Like other steps McCaul has pursued during his time in the House or helped previous administrations implement, McCaul says he talked to the Trump administration about this idea. "We could build a detention facility just north of Guatemala, on the Mexican side," he says of his theoretical "choke point" some 700+ miles away from the borderlands we're driving through. There, rather than inside the U.S. along the border, individuals seeking permission to enter the U.S. would have to be processed. "They would be detained there, and we would have a system that can move things expeditiously through virtual court proceedings," McCaul adds. 
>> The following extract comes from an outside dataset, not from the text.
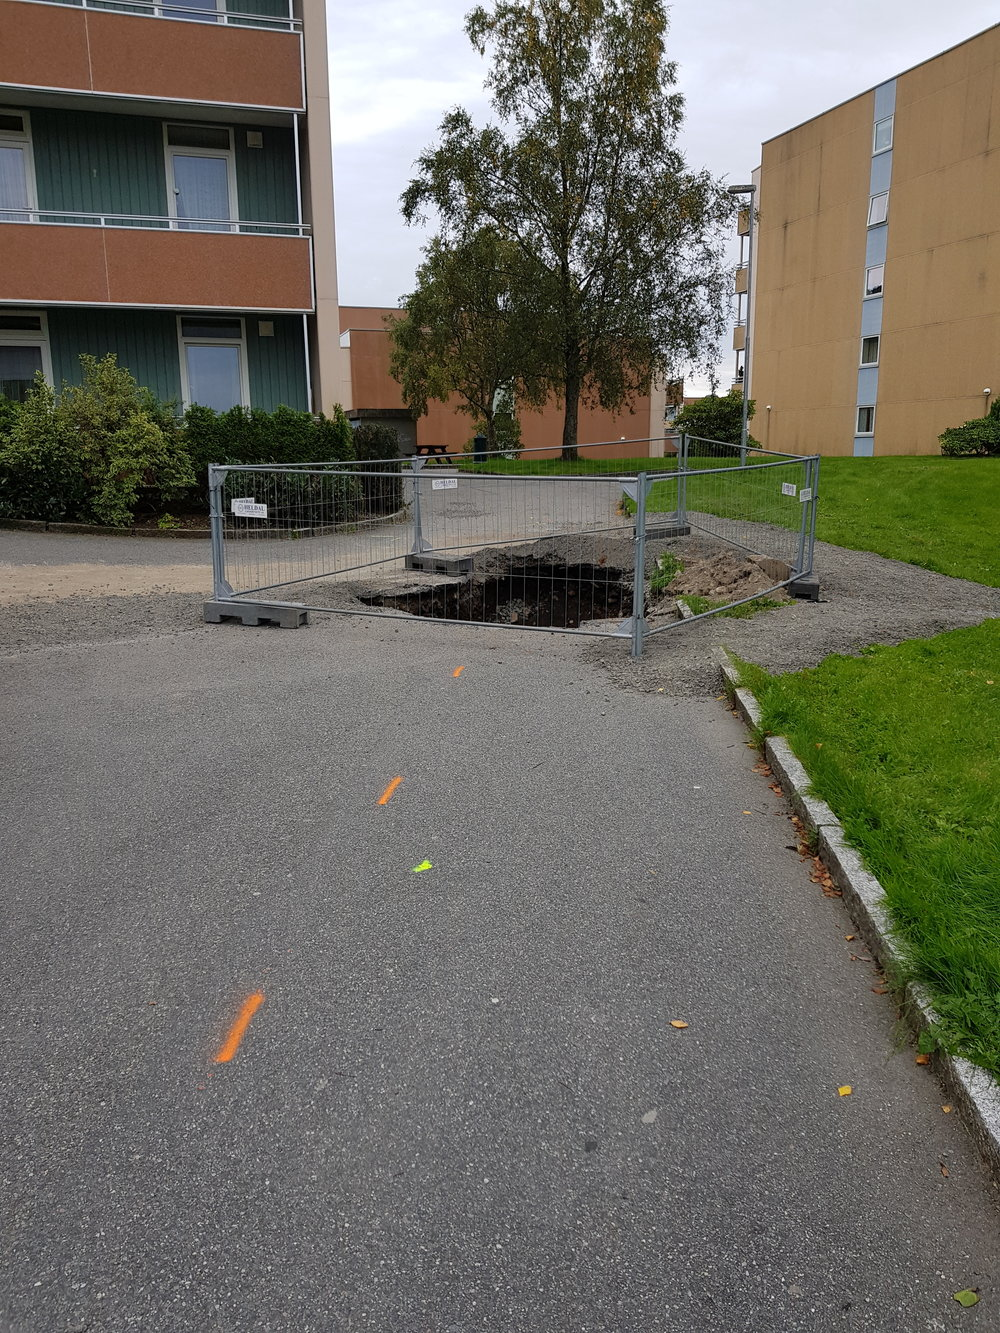 Aha! A hole!

As McCaul explains it, the Biden administration's border policies benefit cartels in Mexico and make it virtually impossible for American border officials to do their job. With each executive action or piece of policy guidance issued by Biden, the draw for illegal immigrants has increased. The following surges of illegal immigrants — setting records again in December 2023 — then see no help from the Biden administration. Whether it be processing and detention facilities or manpower, Biden doesn't do anything to help. Instead, he expands the use of government tools such as the CBP One app to further abuse the system to make it more attractive and easier for would-be illegal immigrants to venture to the U.S. As a direct result, cartels are raking in money, and continue to be able to "outman and outpower" American border agents who are hogtied and overwhelmed without help from the federal government.